The California Public Policy Institute reports that only about 11 percent of the illegal immigrants who arrived in 1998 returned home within a year, down from roughly 30 percent in 1990. Meanwhile, the percentage of undocumented immigrants who say they plan to stay in the United States "as long as possible" jumped from 59 percent in the mid-1990s to 67 percent at the end of the decade, according to surveys by the Mexican National Population Council.

"The militarization of the border hasn't stopped the people from coming. It just drove up the cost and the risk," says Massey. "The response of migrants was to stop going home, and the result was a big growth of the Mexican population here."

Just as crossing the border has gotten tougher for illegal immigrants, settling here has become easier. Undocumented farmworkers used to exist in a constant state of anxiety, alert for the first sign of an immigration raid. But while security has tightened along the border, it has gone slack in many of the communities where migrants work.

"We haven't done workplace enforcement for years," says Robert Logazino, head of the Border Patrol's Northern California sector office in Livermore. "We're in the process of being closed down here." Priorities have shifted in law enforcement. Instead of raiding fields and factories, agents for the Immigration and Naturalization Service - now folded into the Department of Homeland Security along with the Border Patrol - are mostly assigned to investigate smuggling rings and patrol high-profile sites such as airports.

Virginia Kice, a spokeswoman for Homeland Security's Immigration and Customs Enforcement unit, says immigration authorities have no definitive numbers on the settlement patterns of the illegal-immigrant population.

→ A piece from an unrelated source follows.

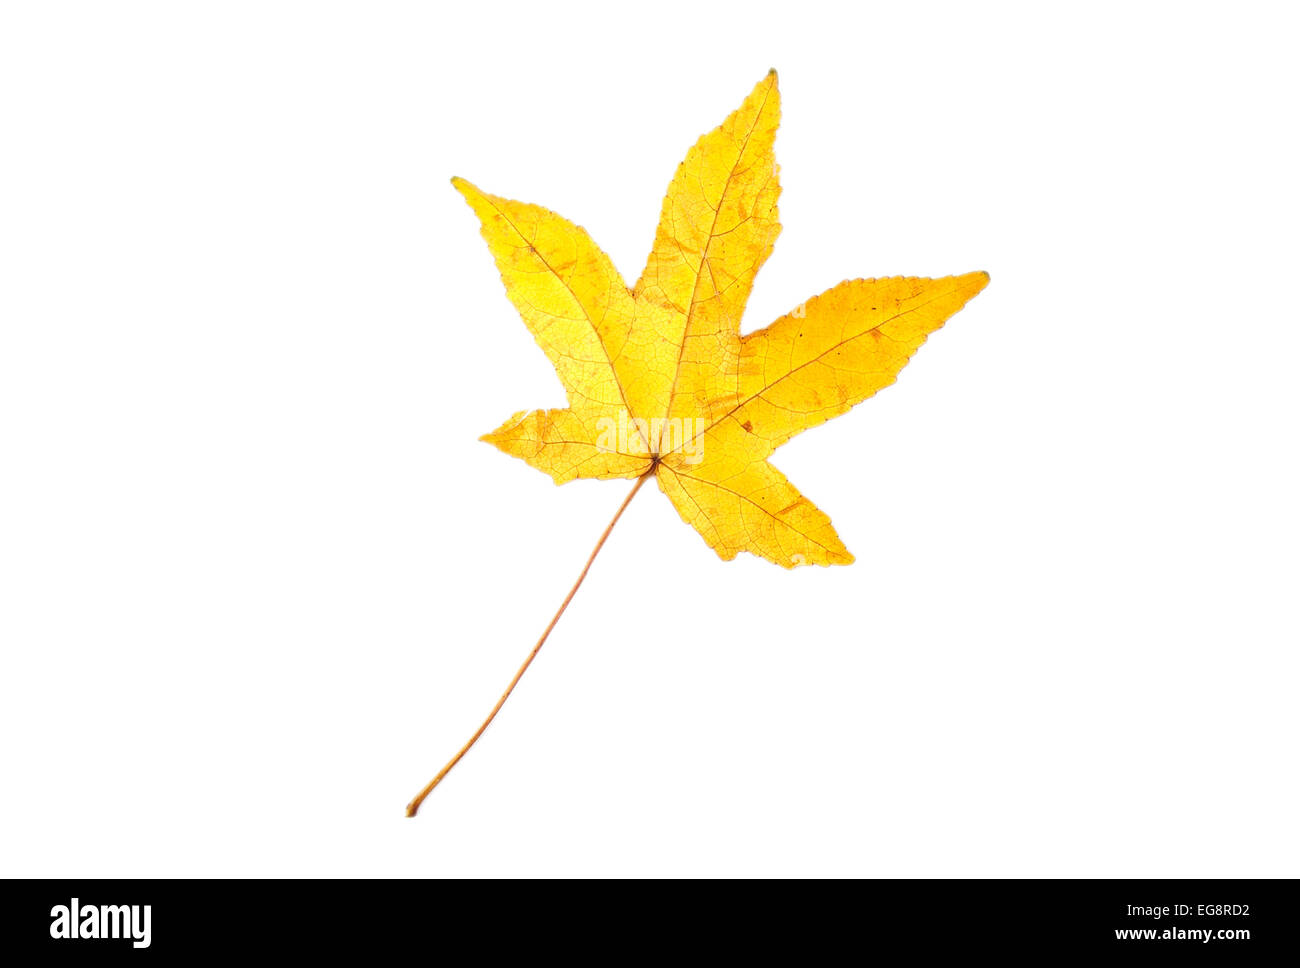 Yellow autumn leaf isolated on white background Stock Photo

But she says the pattern of border apprehensions "suggests that (illegal immigrants) are making the decision not to go back and forth as readily as they once did."

As permanent populations of unauthorized laborers replace what was once a temporary, mostly male work force, the immigrants are often trapped by poverty. They are also transforming many U.S. communities.

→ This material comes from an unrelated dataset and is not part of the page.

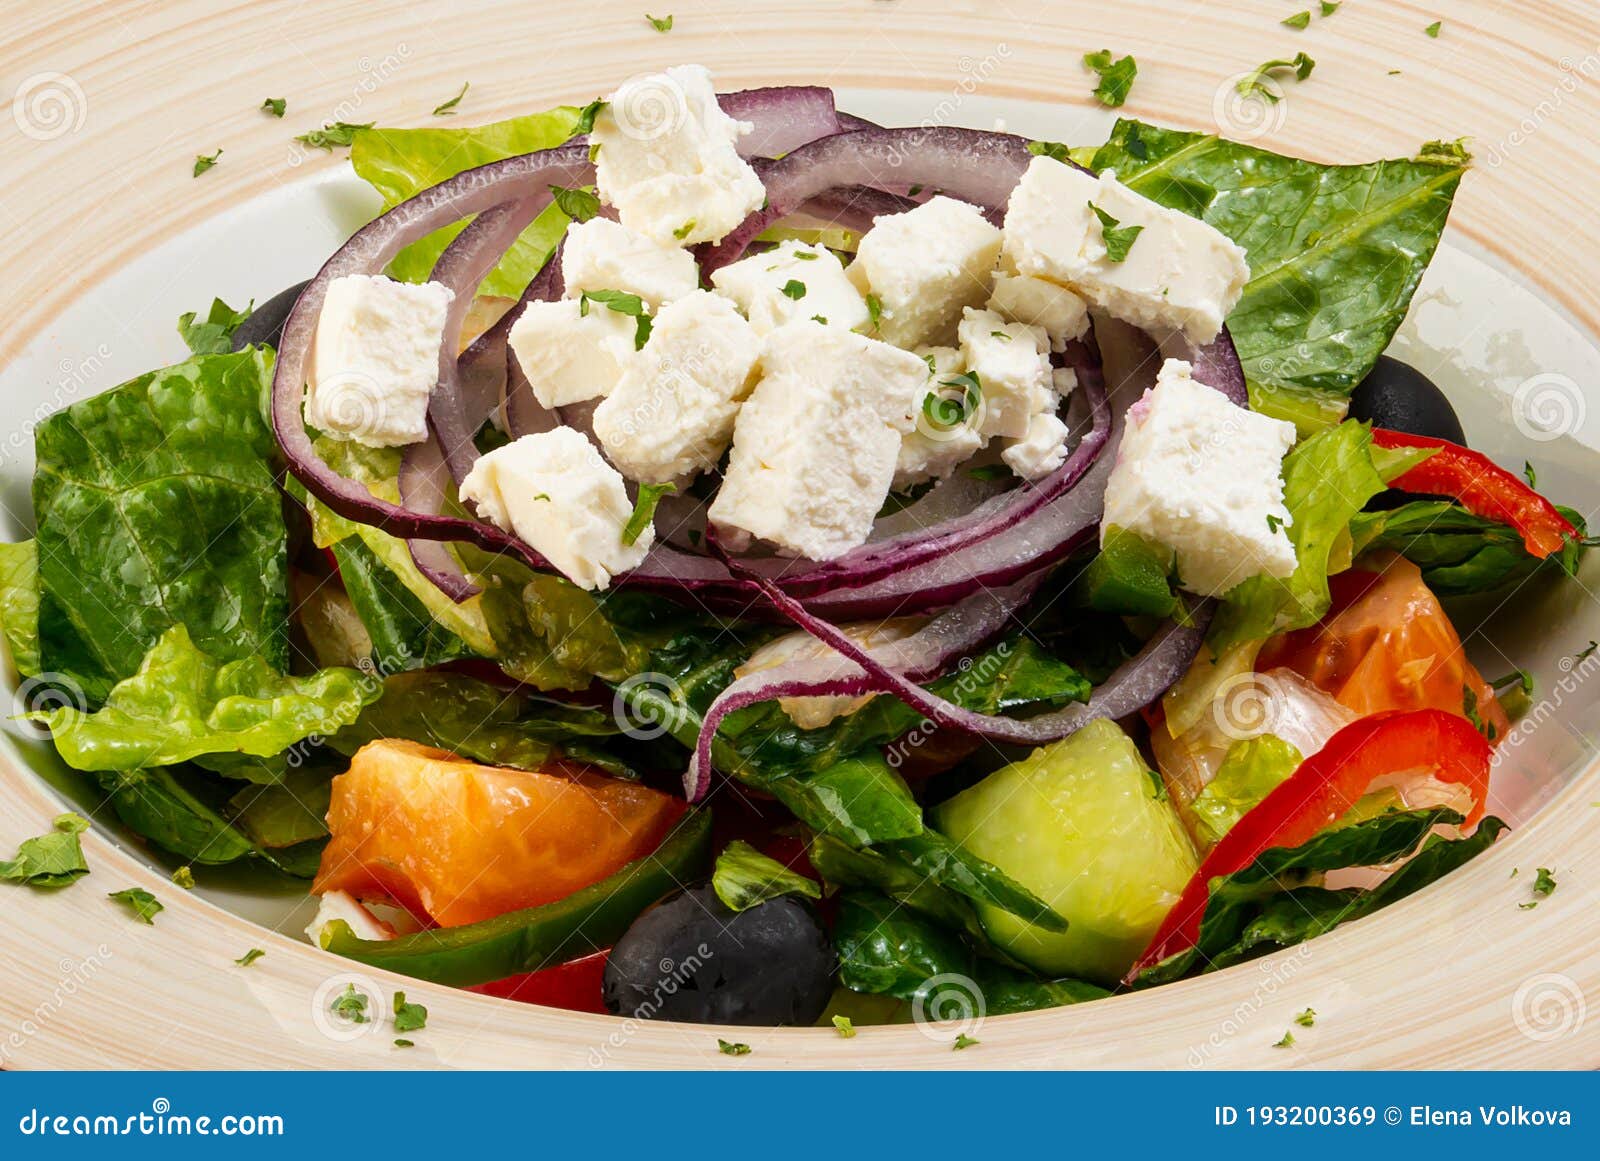 greek salad on a plate closeup

The changing migratory pattern is on clear display in Stockton, a city of 244,000. Checkered with sprawling farms that produce apples, pears, tomatoes and more, the San Joaquin Valley is one of the nation's most productive farming regions, accounting for about half of California's $27 billion in agricultural production.

Once here, they feel stuck

Mexican farmworkers have come here at least since the Bracero program of the 1940s, when young men lived in labor camps by the edge of the fields throughout the state. By the late 1990s, 91 percent of California's farmworkers were born in Mexico, and 42 percent were illegal immigrants, according to a Department of Labor survey.

Once here, they feel stuck. "People would like to return more often to Mexico," says Luis Rivera, a community worker at California Rural Legal Assistance. "But they are afraid because they see the stories on TV about migrants dying in the desert" trying to come across.

In many cases, the settlers are settling into poverty. Weighed down by a steady supply of immigrant labor, hourly wages in the fields fell from $6.98 in 1989 to $6.18 in 1998, in constant 1998 dollars, according to the Labor Department. In 1997, about three-quarters of illegal-immigrant farmworkers earned less than $10,000 a year.

In Stockton, according to the U.S. Census Bureau, the city's poverty rate climbed by nearly 30 percent during the 1990s. By 1999, almost a quarter of the city's residents lived below the poverty line. Among noncitizens, the poverty rate was 38 percent in 1999.

Working last spring at the Macklin vineyards in nearby Linden, Cristobal Silverio and his wife earned $100 each on good days. Often, they made less than half of that. In all, they say, they earned about $18,000 last year, well under the poverty line of $24,260 for a family of six.